Me sonrió con la vieja sonrisa de Lotty. Me incliné sobre la mesa y le apreté la mano. Me devolvió la presión, pero siguió hablando. Los detectives y los médicos conocen el valor de la charla.
– Fui a verle. Es muy agradable. Como mi padre, pero sin los principios morales.

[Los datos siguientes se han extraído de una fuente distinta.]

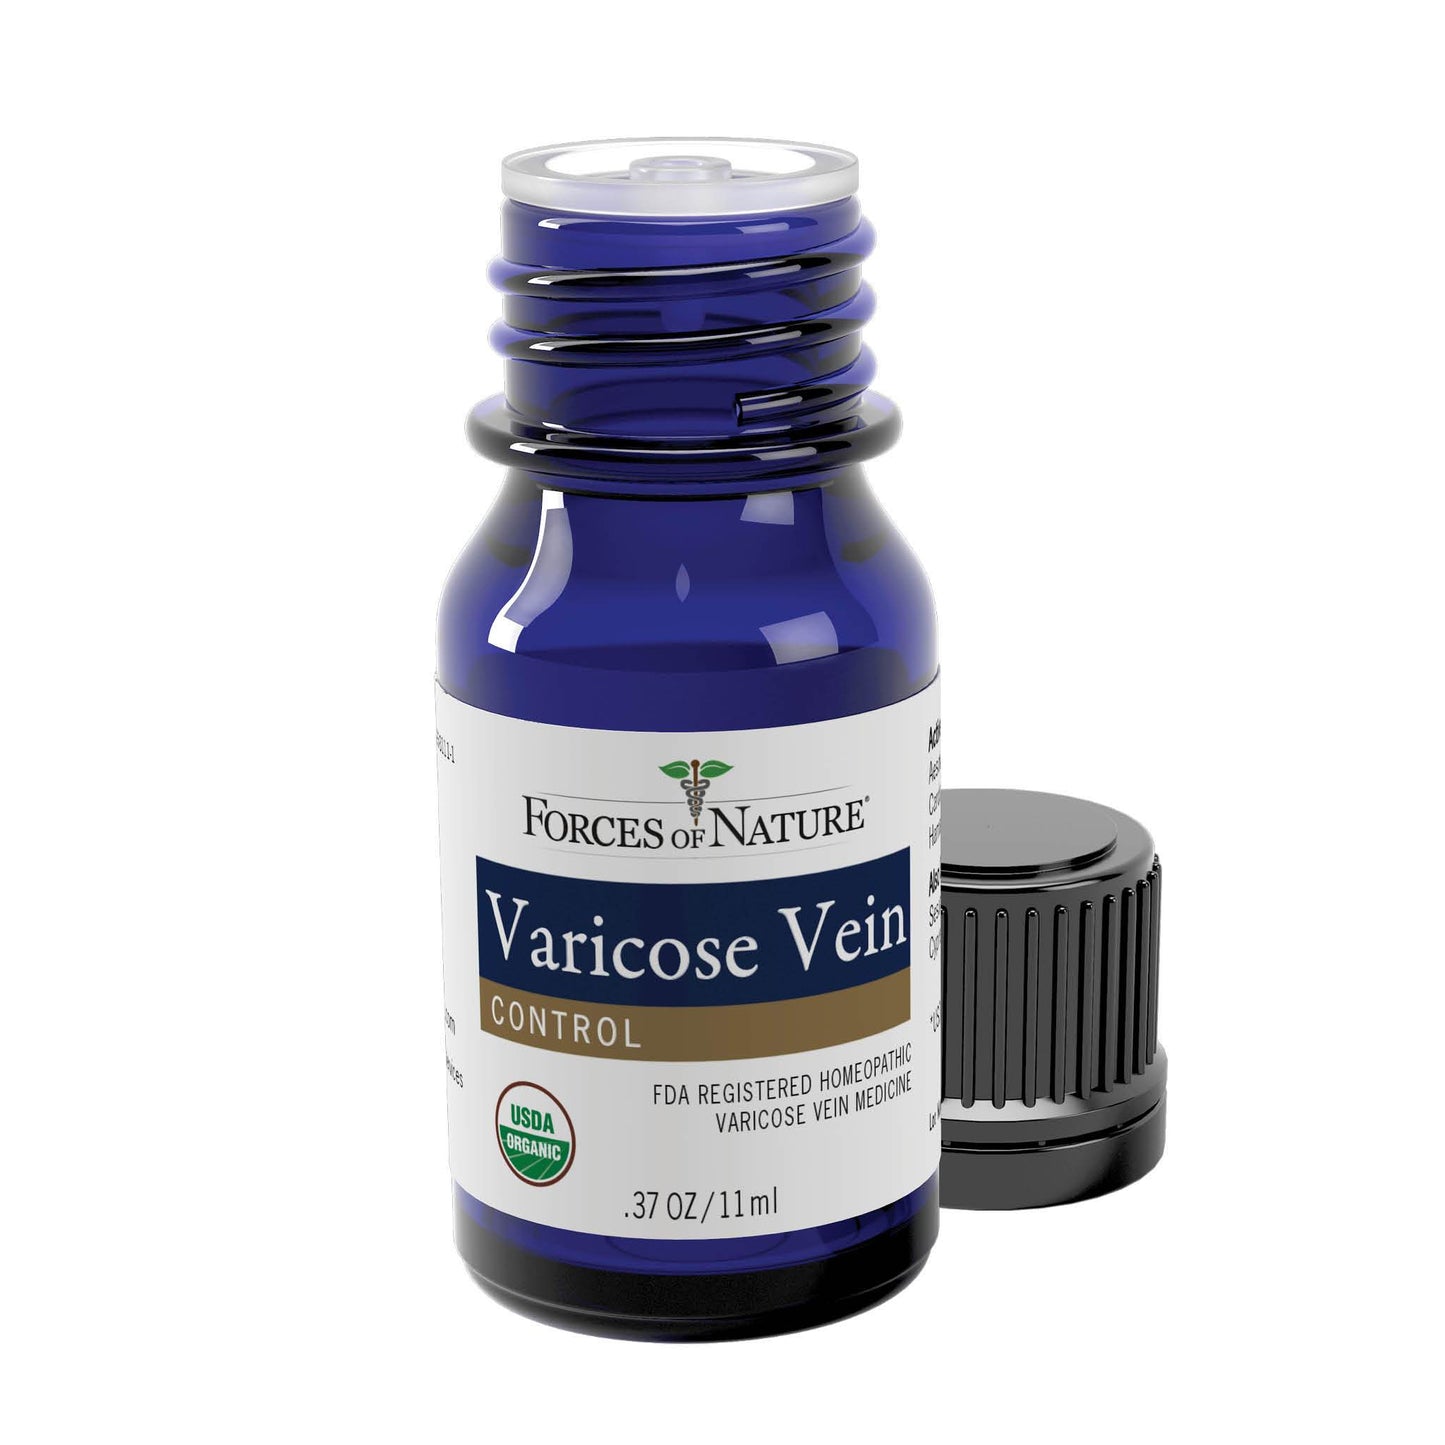 Varicose Vein & Spider Vein Treatment

Y dejé que se quedase conmigo durante seis meses cuando le soltaron, en 1959. Además, yo era su única familia.
«Consiguió trabajo haciendo tareas rutinarias para un joyero; al fin y al cabo, no era un ladrón, así que nadie temía que se llevase la plata. Por lo que sé, no volvió a caer en la tentación. Pero, naturalmente, nunca se lo he preguntado.
– Claro, claro. Bueno, intentaré encontrar a otro grabador.
Lotty sonrió de nuevo.
– Oh, no. ¿Por qué no le llamas a él? Tiene ochenta y dos años, pero sigue estando en sus cabales y más. Puede que sea la única persona que pueda ayudarte.
Iba a hablar con él al día siguiente y concertar una cita para que yo tomase el té con él. Tomamos café y peras en el salón y jugamos al scrabble. Como de costumbre, Lotty ganó.
Capítulo 7. Caridad cristiana
El aire estaba limpio y frío a la mañana siguiente y un brillante sol invernal proyectaba un fuerte resplandor desde detrás de los taludes que bordeaban las carreteras. Halsted no había sido bacheado, al menos la parte que queda al norte de Belmont, y el Omega saltaba alegremente de bache en bache de camino a la autopista Kennedy y a Melrose Park.